Hospitals will also need to secure new staff such as specialised nurses, a scarce resource given the COVID pandemic. These nurses will need to offer 24/7 patient care and will require extensive CAR-T training to achieve Risk Evaluations and Mitigation Strategies (REMS) compliance. Moreover, key standard operating procedures (SOPs) and streamlined communication channels between the multitude of stakeholders within CAR-T process will also need to be developed on an hospital-by-hospital basis to align with existing workflows. This is a large and timely task for both manufacturers and providers, which will be difficult to standardize on a global scale. Key processes to cover will also include ensuring an efficient chain of custody, characterising short and long-term patient follow-ups, as well as developing clinical procedures for deciding at what point CRS/ICANS patients should be referred to ICU and hospital wards. All these must then legally comply with FDA standards and match the quality of care currently delivered within the in-patient.

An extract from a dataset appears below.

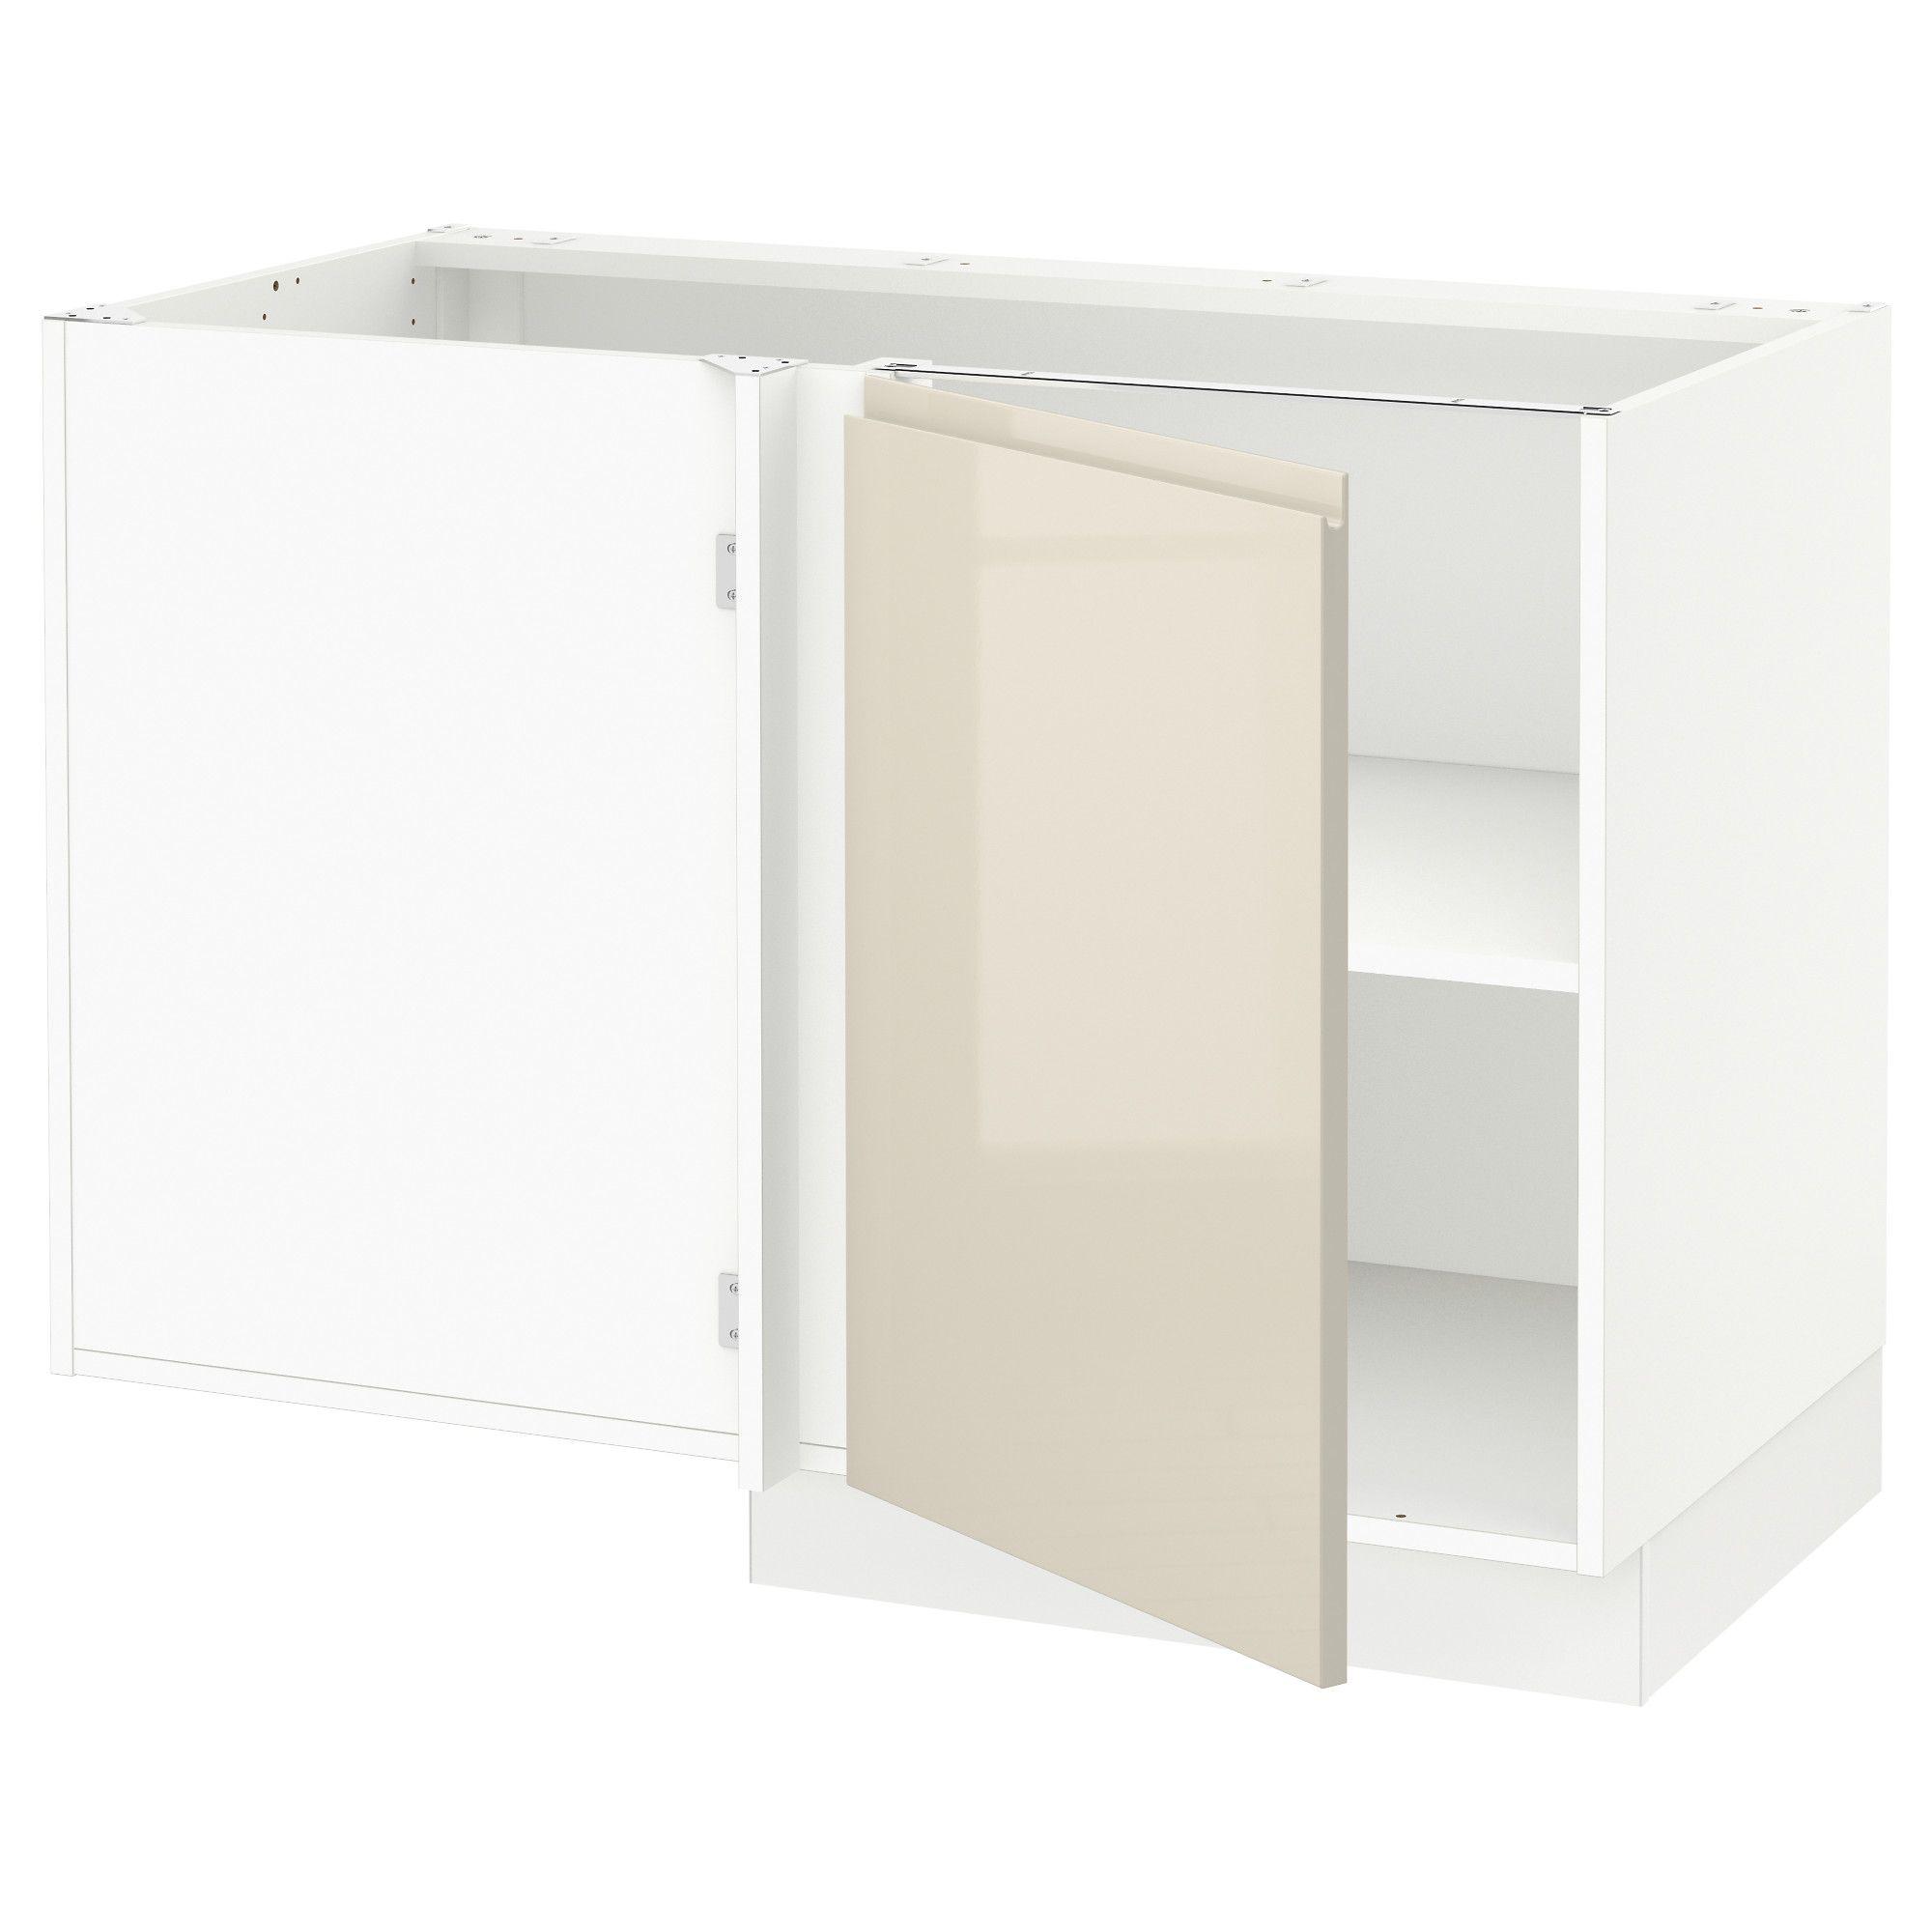 ikea sektion white corner base cabinet with shelf frame colour in rh pinterest com

Hybrid models: fully outpatient CAR-T programs are unlikely to become mainstream
In essence, prior barriers to outpatient administration regarding product safety and physician perceptions have slowly chipped away, only to expose a wider issue regarding hospital infrastructure requirements, which will need to be addressed as access widens to community centres and treatment moves towards earlier lines and new indications. As such, manufacturers can seek to leverage digital tools in remote patient monitoring to alleviate part of this problem: BMS has tested this already, providing HCPs with wearable patches tied to a smartphone app to ensure adequate patient temperature tracking and detection of early CRS onset.
Seeing the current premises, it seems unlikely autologous CAR-Ts will fully be administered in the outpatient setting, while the next years could see a shift towards a hybrid model. Manufacturers and providers alike should focus on moving the less complicated aspects of CAR-T (such as lymphodepletion and apheresis) in the outpatient, whilst maintaining the more complex steps within the in-patient setting. While a fully outpatient CAR-T program will most likely be limited to large excellence centres in specific patient populations with high fitness indices and lower tumour burden, the long-term benefits of outpatient administration are clear: increase access and provide hospitals with improved reimbursement rates. Yet, its implementation remains challenging and pushes all stakeholders to look back in time and draw learnings from therapies such as hematopoietic stem cell transplantation (HSCT), which have journeyed through a similar transition within the 21st century.